A situação se complica quando Francisco Teodoro comete um erro em seus negócios e perde tudo. Inconformado, ele se suicida. De volta à pobreza, Camila vai viver na humilde casa de Nina, dada a ela por Francisco ainda em vida. A narrativa se concentra nas personagens femininas, pois elas são fortes e podem sobreviver sem o amparo masculino. A autonomia feminina é sugerida, sem, contudo, haver aprofundamento do tema. A obra apresenta traços do naturalismo, centrado no determinismo (influência do meio, raça e momento histórico).
Biografia
Júlia Lopes de Almeida, filha de portugueses ricos e cultos, nasceu em 24 de setembro de 1862, no Rio de Janeiro. Quando ainda era criança, ela e sua família se mudaram para uma fazenda, em Campinas, no estado de São Paulo. A escritora recebeu uma educação liberal e, com o apoio do pai, aos 19 anos de idade, já escrevia para A Gazeta de Campinas, atividade intelectual incomum para as mulheres da época.

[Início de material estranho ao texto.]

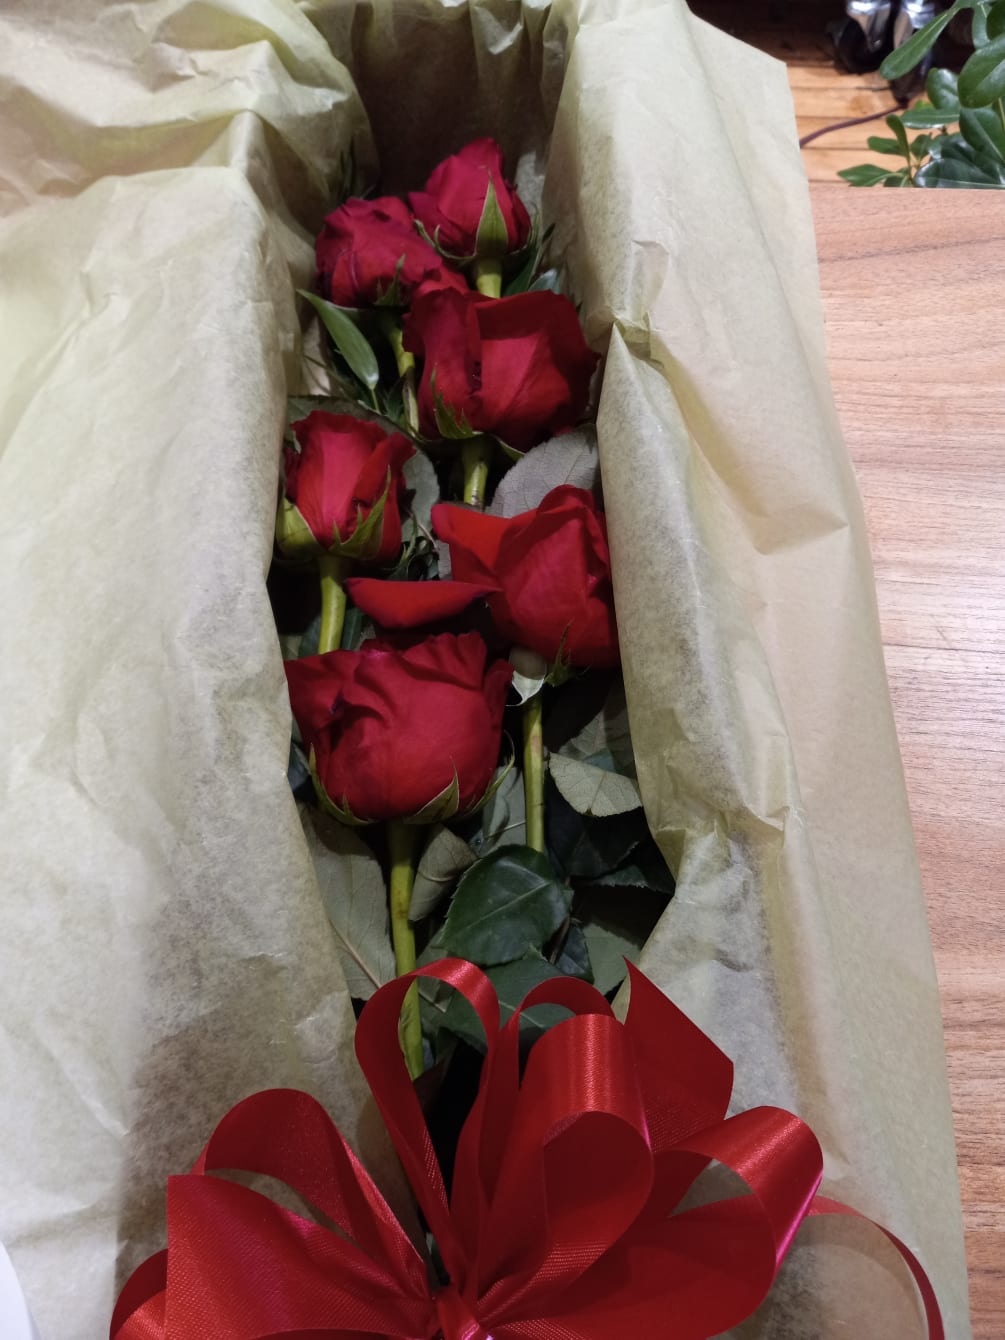 Beautiful red roses boxed with some greens and a bow.

Em 1886, a autora se mudou para Portugal e, lá, conheceu seu marido, o poeta Filinto de Almeida. Lançou o livro Contos Infantis, em 1887, ao lado de sua irmã, Adelina Lopes Vieira. No mesmo ano, publicou seu primeiro livro para adultos — Traços e iluminuras. No Brasil, escreveu para vários periódicos, atividade incomum para mulheres da época. Foi a única mulher entre os idealizadores da Academia Brasileira de Letras, apesar de ter sido impedida de ocupar uma cadeira nessa instituição.
Escreveu para periódicos como A Mensageira, Única, O Quinze de Novembro, Kosmos, O País, A Gazeta de Notícias, A Semana, Jornal do Comércio, Ilustração Brasileira, Tribuna Liberal e Brasil-Portugal. Também realizou palestras sobre o lugar da mulher na sociedade brasileira e outras questões nacionais.
Morreu no Rio de Janeiro, em 30 de maio de 1934, vítima de malária, possivelmente contraída em sua recente viagem à África. Deixou uma obra de autoria feminina extensa e não só literária, mas também historicamente significativa.